His first three works were published under the pseudonym Dennis Jasper Murphy and were critical and commercial failures. They did, however, catch the attention of Sir Walter Scott, who recommended Maturin's work to Lord Byron. With the help of these two literary luminaries, the curate's play, Bertram (first staged on 9 May 1816 at the Drury Lane for 22 nights) with Edmund Kean starring in the lead role as Bertram, saw a wider audience and became a success. Financial success, however, eluded Maturin, as the play's run coincided with his father's unemployment and another relative's bankruptcy, both of them assisted by the fledgling writer. To make matters worse, Samuel Taylor Coleridge publicly denounced the play as dull and loathsome, and "melancholy proof of the depravation of the public mind," [1] going nearly so far as to decry it as atheistic.
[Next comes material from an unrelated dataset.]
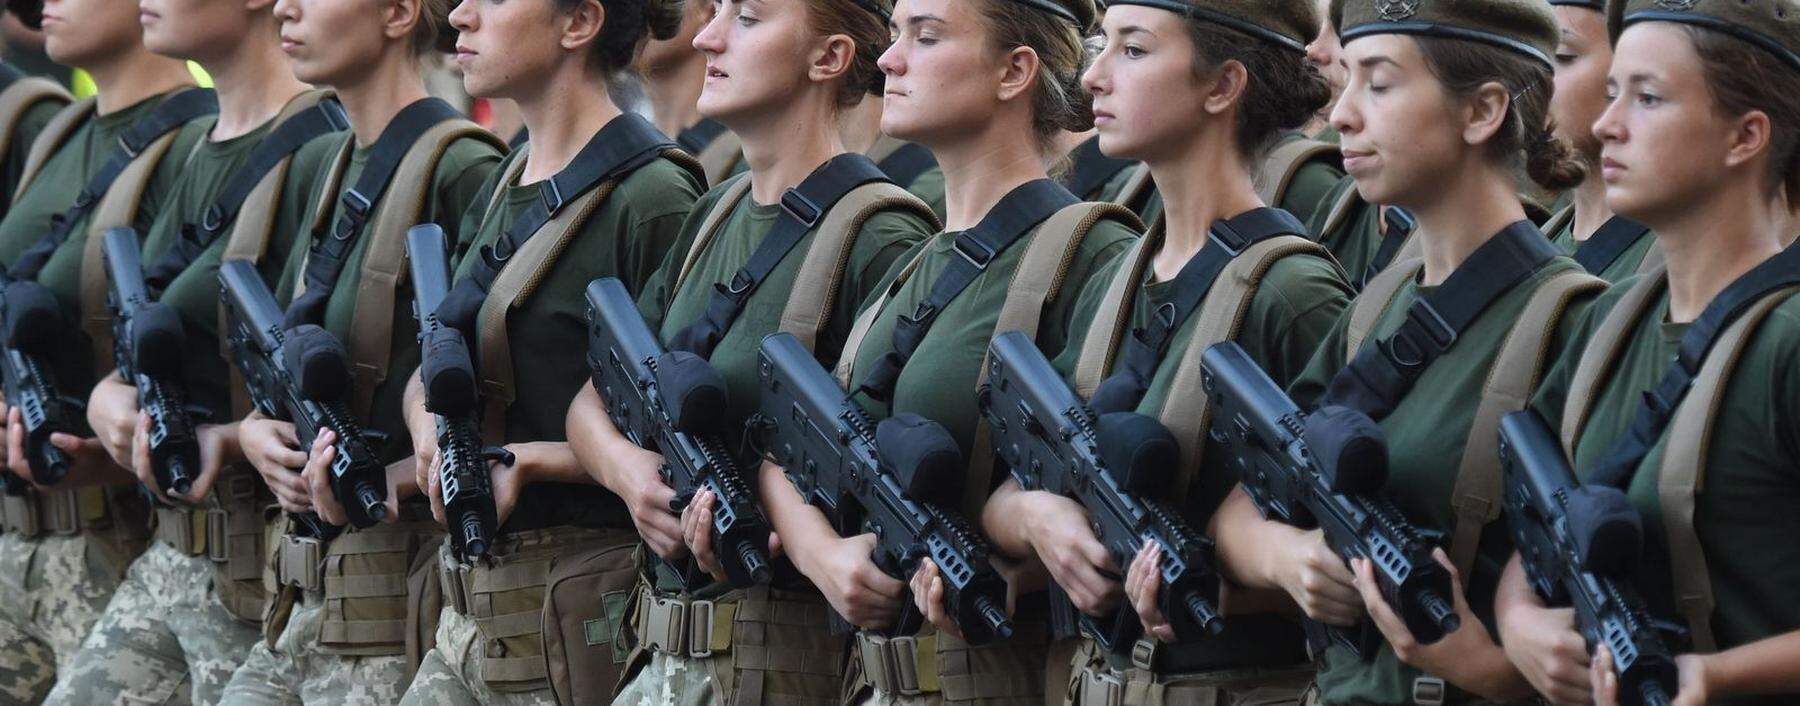 Soldatinnen der ukrainischen Armee vor dem ukrainischen Unabhängigkeitstag im Jahr 2018. Heuer wurden aus Angst vor Anschlägen jegliche Veranstaltungen abgesagt. 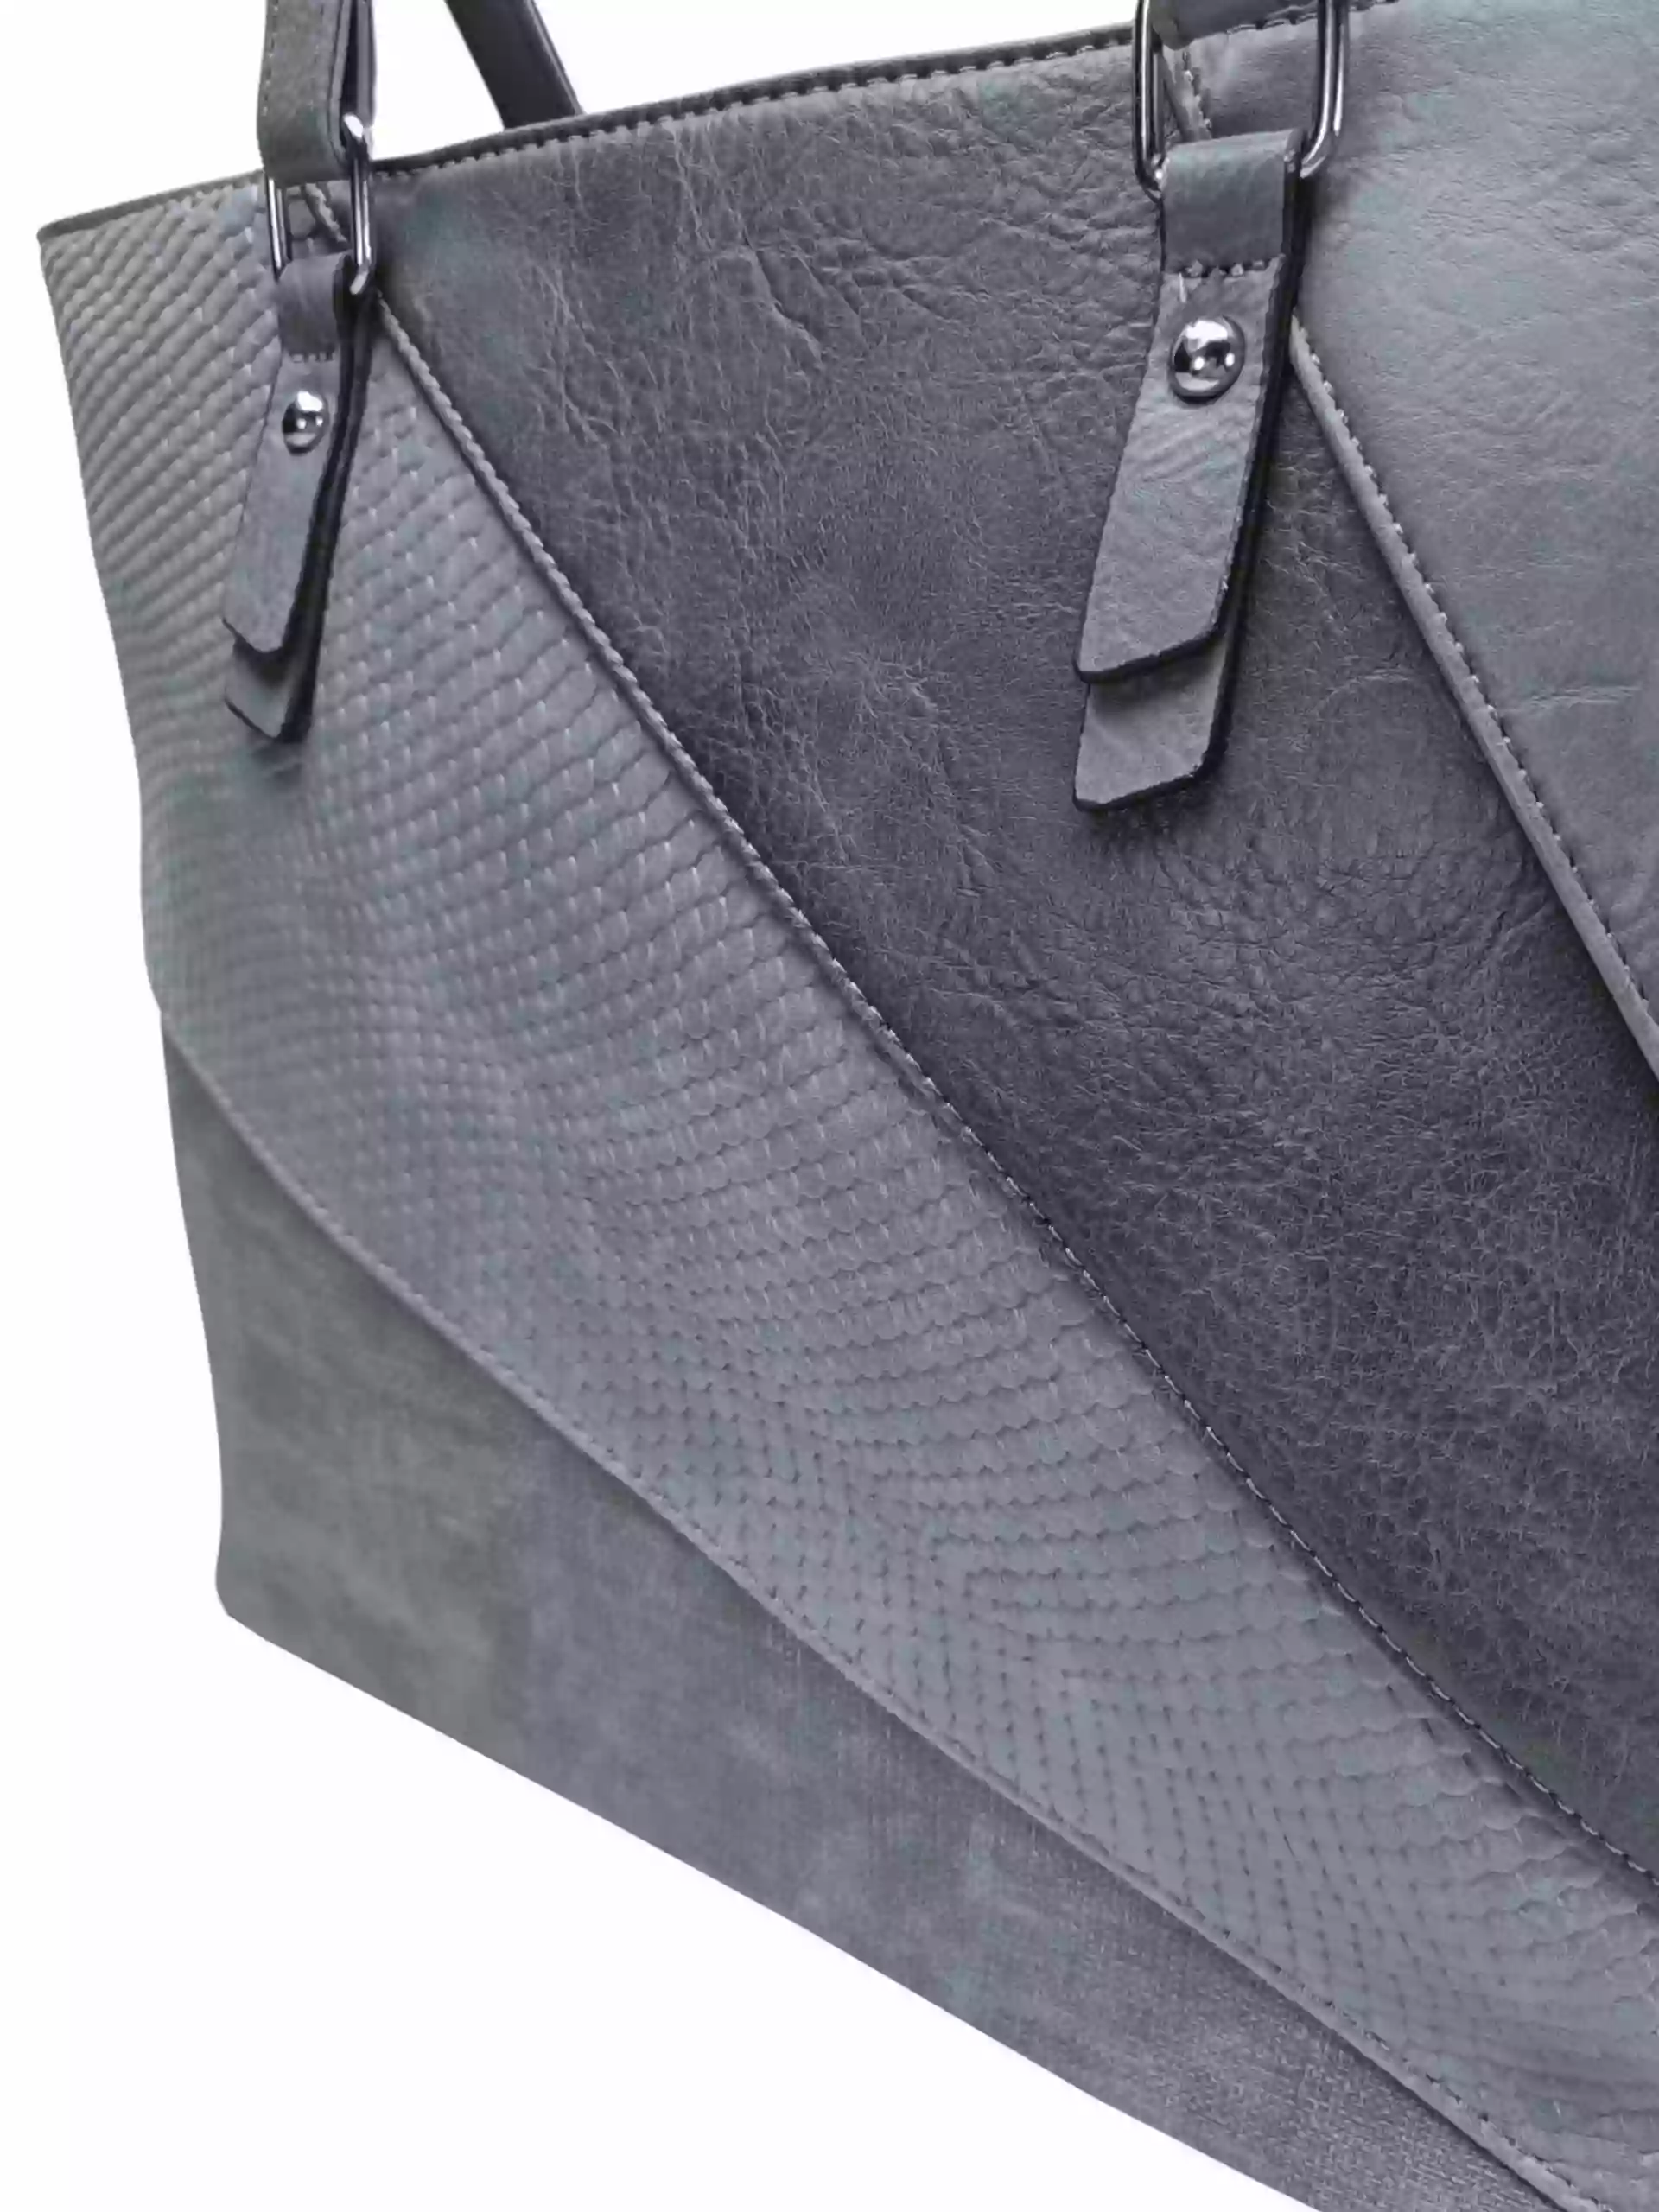 Tmavě šedá dámská kabelka přes rameno se vzory, Tapple, H17224, detail kabelky přes rameno

Coleridge's comments on Bertram can also be found in 'Biographia Literaria', chapter 23. The Church of Ireland took note of these and earlier criticisms and, having discovered the identity of Bertram's author (Maturin had shed his nom de plume to collect the profits from the play), subsequently barred Maturin's further clerical advancement. Forced to support his wife and four children by writing (his salary as curate was £80-90 per annum, compared to the £1000 he made for Bertram), he switched back from playwright to novelist after a string of his plays met with failure. One of his grandsons, Basil W. Maturin, a Chaplain at Oxford University, died on the RMS Lusitania.
Charles Robert Maturin died in Dublin on 30 October 1824. Honoré de Balzac and Charles Baudelaire later expressed fondness for Maturin's work, particularly his most famous novel, Melmoth the Wanderer.
The play Bertram; or The Castle of St. Aldobrand was adapted in French by Charles Nodier and Isidore Justin Severin Taylor (Bertram, ou le Chateau de St. Aldobrand, 1821). This version was the source of the opera Il pirata, libretto by Felice Romani, music by Vincenzo Bellini, premiered at La Scala of Milan in 1827.